▶ [TASK INSTRUCTIONS]
Could you retype the lines below, starting at the line holding "某有名大学女性洗面所 vol.23 洗面所" and stopping at the line holding "ПальтоПальто - ZIZZI.", inclusive? Copy them exactly and drop the images.

____ DATASET RECORDS

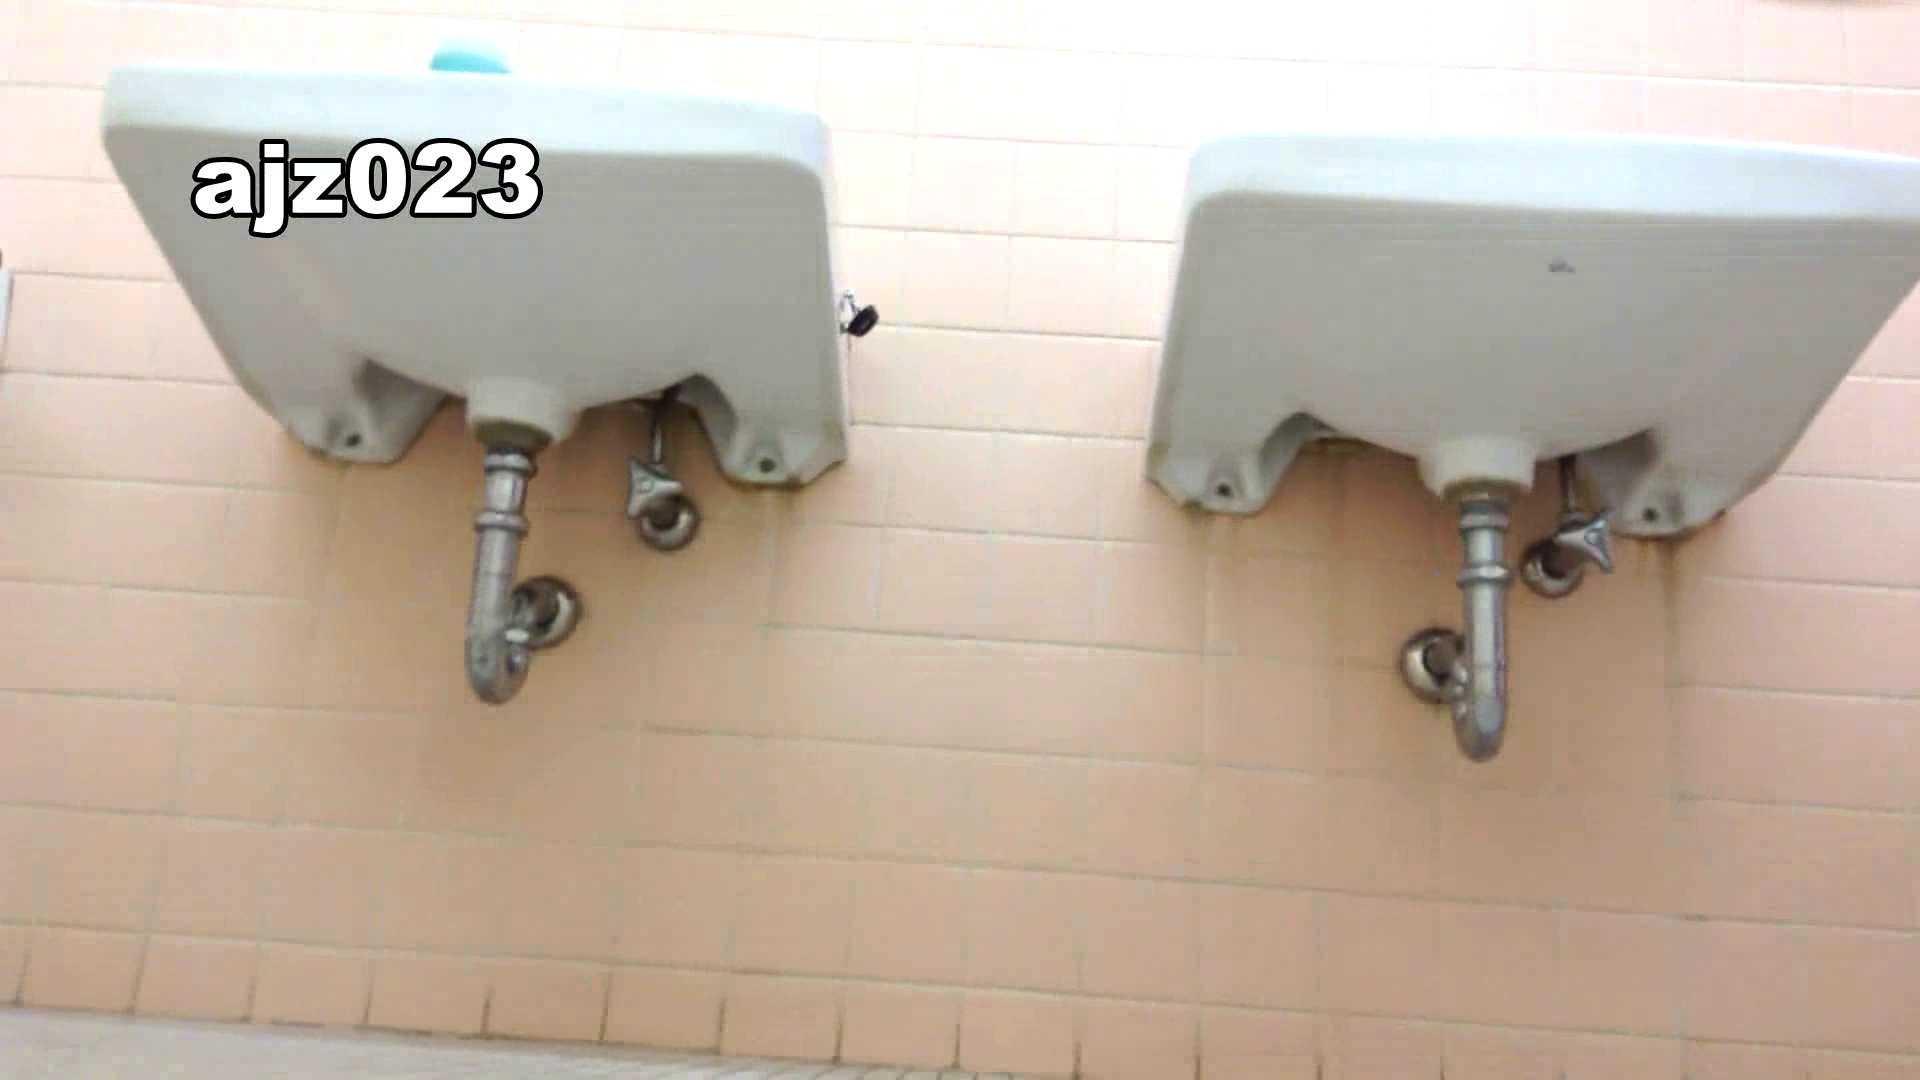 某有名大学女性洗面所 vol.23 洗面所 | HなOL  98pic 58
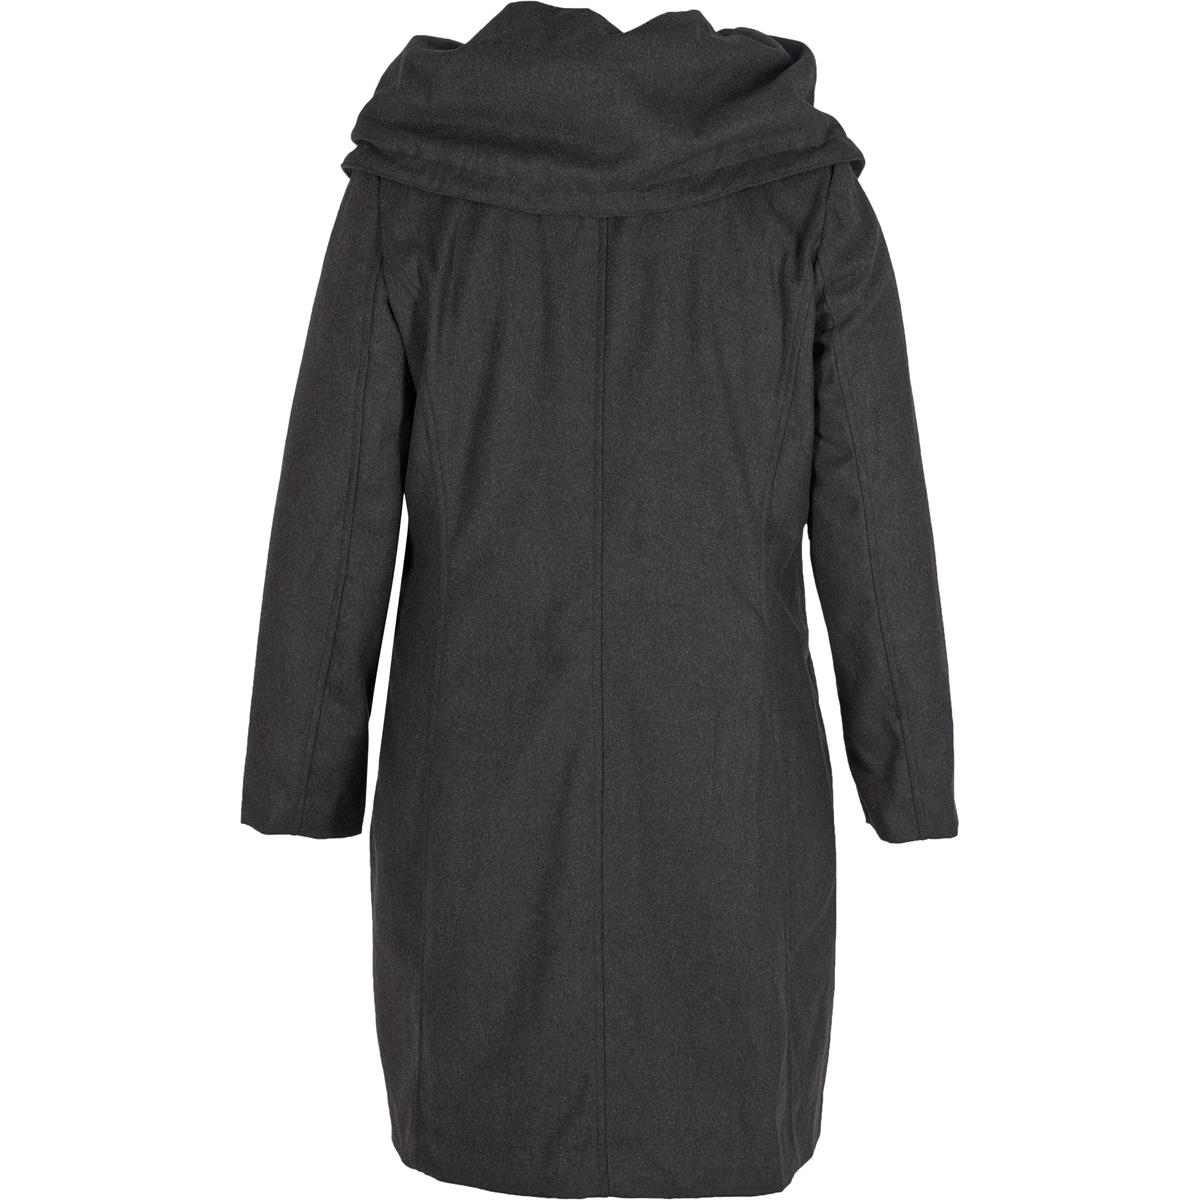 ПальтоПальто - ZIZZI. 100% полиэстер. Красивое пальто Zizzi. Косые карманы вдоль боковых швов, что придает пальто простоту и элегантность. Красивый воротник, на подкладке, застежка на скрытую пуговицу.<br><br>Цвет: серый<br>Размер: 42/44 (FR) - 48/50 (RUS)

________
____ DATASET RECORDS

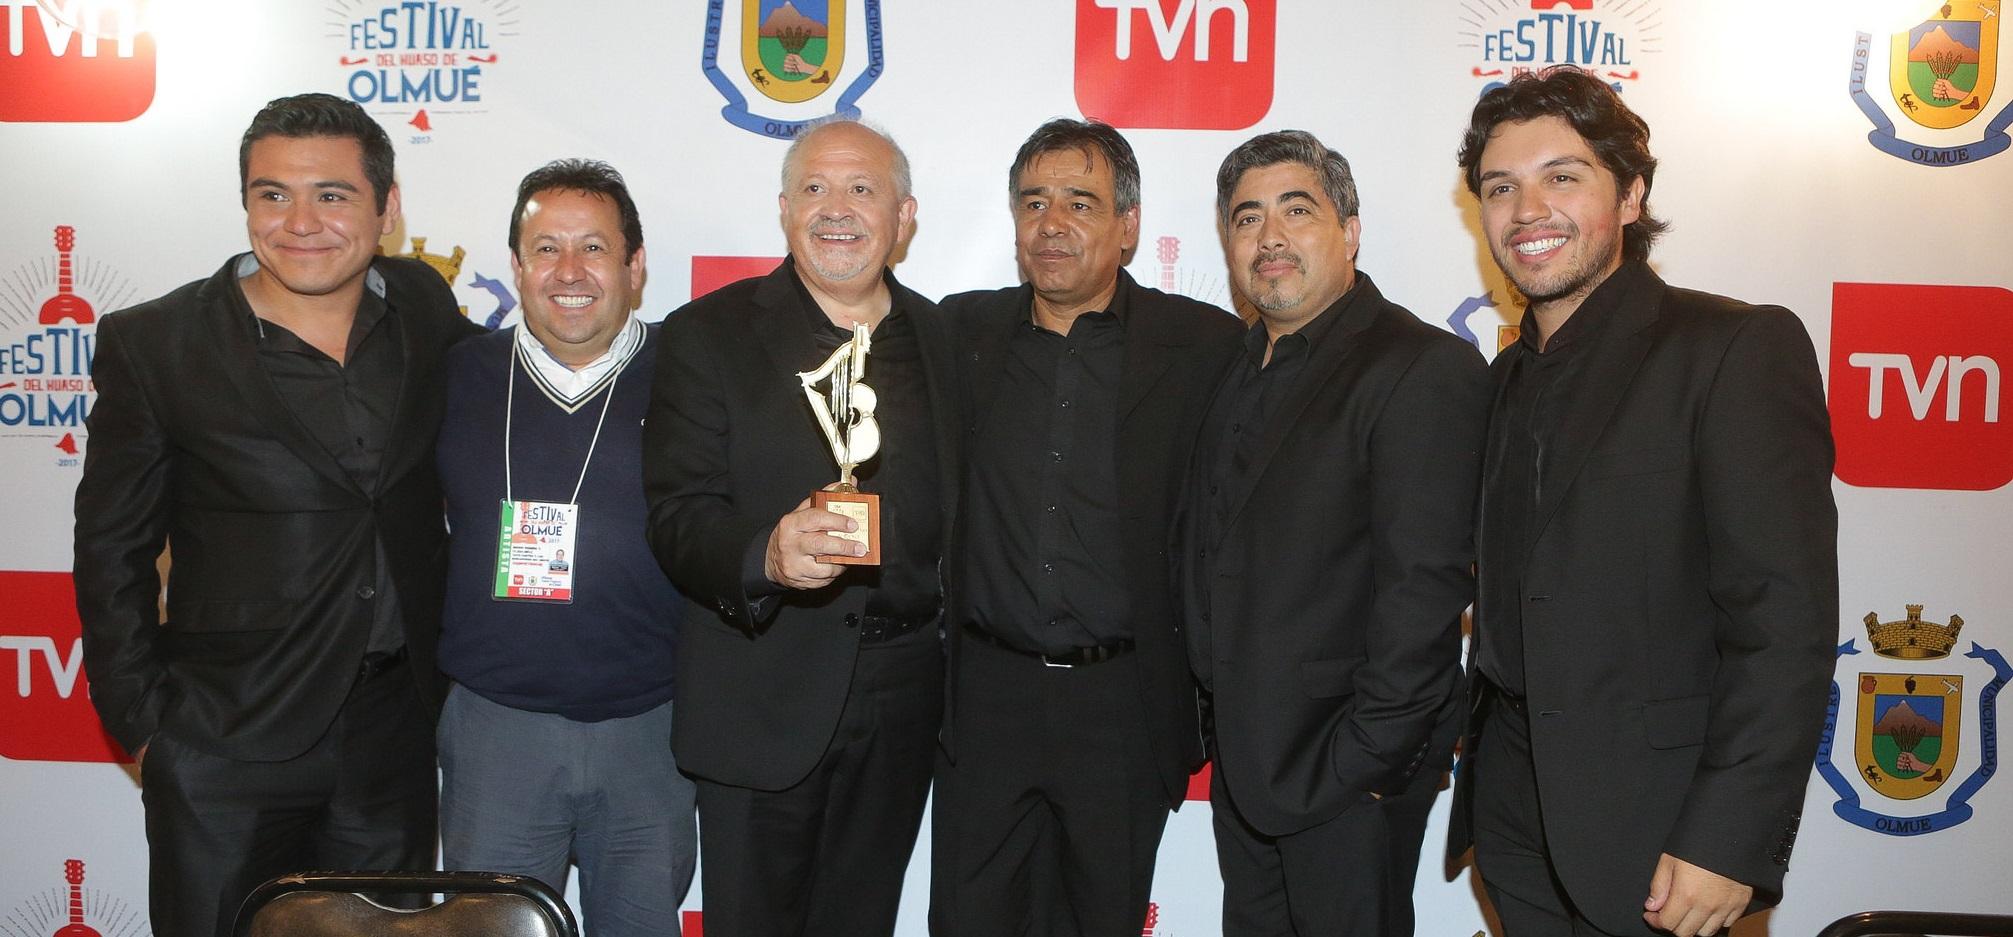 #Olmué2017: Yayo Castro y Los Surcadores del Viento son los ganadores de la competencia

________

▶ [SOLUTION]
 某有名大学女性洗面所 vol.23 洗面所 | HなOL  98pic 58
 ПальтоПальто - ZIZZI. 100% полиэстер. Красивое пальто Zizzi. Косые карманы вдоль боковых швов, что придает пальто простоту и элегантность. Красивый воротник, на подкладке, застежка на скрытую пуговицу.<br><br>Цвет: серый<br>Размер: 42/44 (FR) - 48/50 (RUS)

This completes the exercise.